** Nous voilà en Irlande où nous marchons… nous flânons et nous cogitons… et les idées s’entrechoquent.
* Notre sujet de méditation, c’est le "contrarianisme" — dont Simone Wapler nous parle d’ailleurs ci-dessous. Nous savons que cela fonctionne dans le monde de l’investissement. "Achetez lorsque le sang coule dans les rues", disait Nathan Rothschild.
* Mais si ça fonctionne pour l’investissement, pourquoi pas dans le reste de la vie ? "Vous êtes soit contrarien… soit victime", déclare notre vieil ami Rick Rule. Ceux qui suivent les foules sont victime des marchés financiers.
* Nous avons regardé un peu la télévision durant notre séjour en Irlande. Un groupe d’Anglais a attiré notre attention. Ils bondissaient comme des enfants… hurlant et applaudissant. De quoi se réjouissaient-ils ? Leur équipe venait de gagner. Ils avaient gagné. Ils étaient des gagnants. Ils faisaient une tête de plus que le reste de l’humanité. Ils étaient plus fiers. L’allégresse régnait à Lambdaville.
* Ces gens n’avaient rien des gagnants. Ils avaient l’air de perdants. Ils n’étaient pas en forme… mal habillés, en t-shirts et en jeans… avec des expressions stupides sur le visage. Et pourtant, comme par un miracle tenant de la transsubstantiation, ils étaient transformés en valeureux vainqueurs… Qu’avaient-ils fait ? Rien. De quel mérite ou compétence avaient-ils fait preuve ? Aucun. Et pourtant, ils se sentaient comme des vainqueurs simplement parce que leur équipe avait marqué plus de buts que ses opposants. Il s’agissait de supporters absolus… émotionnellement et intellectuellement. Dans le monde, on consacre bien plus d’énergie mentale à deviner la prochaine décision des arbitres durant les matches qu’à écouter les concertos de Brandebourg ou à lire Guerre et Paix.
** "Tu sais", nous a dit Elizabeth, "tu risques de t’isoler à tel point que tu ne pourras plus participer à ces choses… et en profiter. En réfléchissant de cette manière, on risque de s’éloigner de tout le monde à tel point qu’on ressemble à un homme ayant le nez collé à une vitre… comme le monstre de Frankenstein… observant la race humaine. Ce sera très solitaire"…
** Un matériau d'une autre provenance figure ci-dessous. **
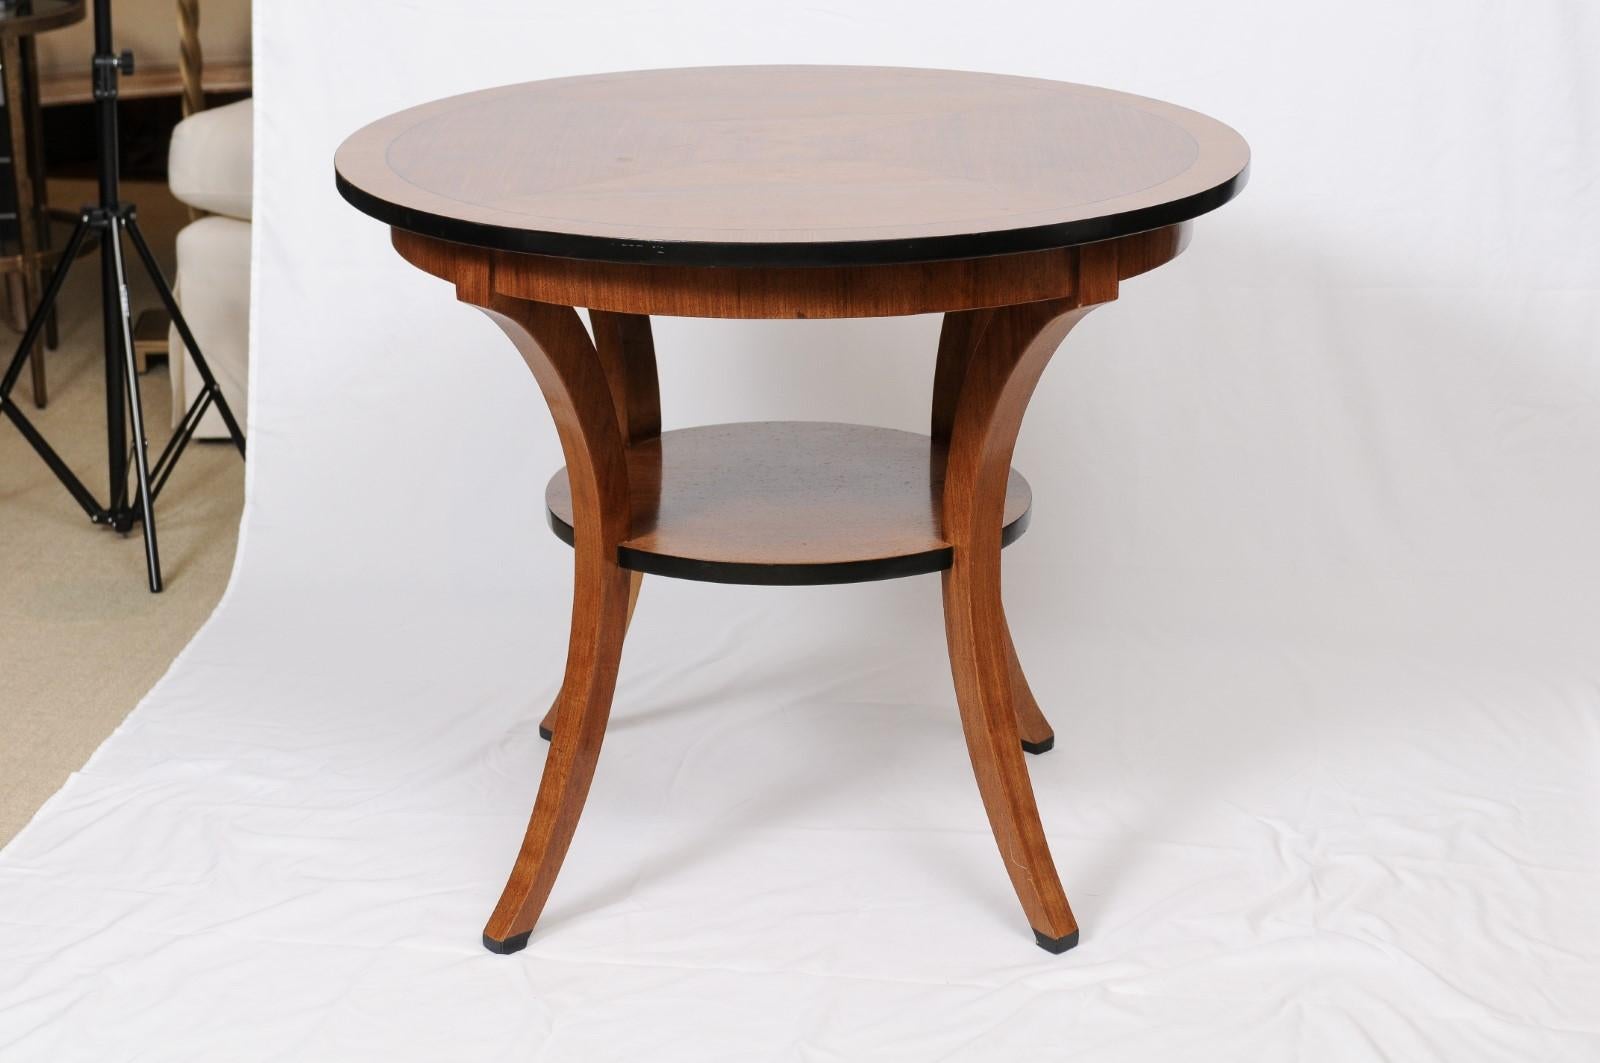 Mahogany round table that could be used for many purposes as a small dining table or an end or side table. An Italian reproduction featuring a veneered top with border, on four cabriole legs with a shelf.

* "On pourrait aussi penser à Rhett Butler, dans ‘Autant en emporte le vent’. En voilà, un vrai contrarien. Il savait que la Guerre de Sécession était une cause perdue. Il a conseillé à ses camarades sudistes de ne pas partir en guerre. Puis, au lieu de les rejoindre, il a profité de la guerre… Il forçait les blocus, tu te souviens ? Mais même lui n’a pas pu rester longtemps en dehors. Près de la fin, alors que la Grande Cause était quasi-perdue, il a rejoint l’armée confédérée. Il n’en avait pas besoin. Il savait que c’était sans espoir. Mais il l’a fait".
* "C’est très bien d’être contrarien… mais nous sommes aussi humains. Et les humains fonctionnent à l’instinct… et nombre de ces instincts sont nobles et bons. Il vaudrait mieux ne pas prendre trop de distance par rapport à ces instincts… ou tu cesseras d’être humain tout court".
* Un philosophe grec — nous ne nous souvenons plus lequel — a affirmé que la plus grande malédiction pour un homme était d’être marié à une femme intelligente. Elle rira de ses prétentions et trouvera la faille dans ses arguments. Non, ce dont un homme a besoin, c’est d’une femme bonne, disait ce philosophe — une femme qui fasse des biscuits et regarde son mari avec adoration, comme un cocker.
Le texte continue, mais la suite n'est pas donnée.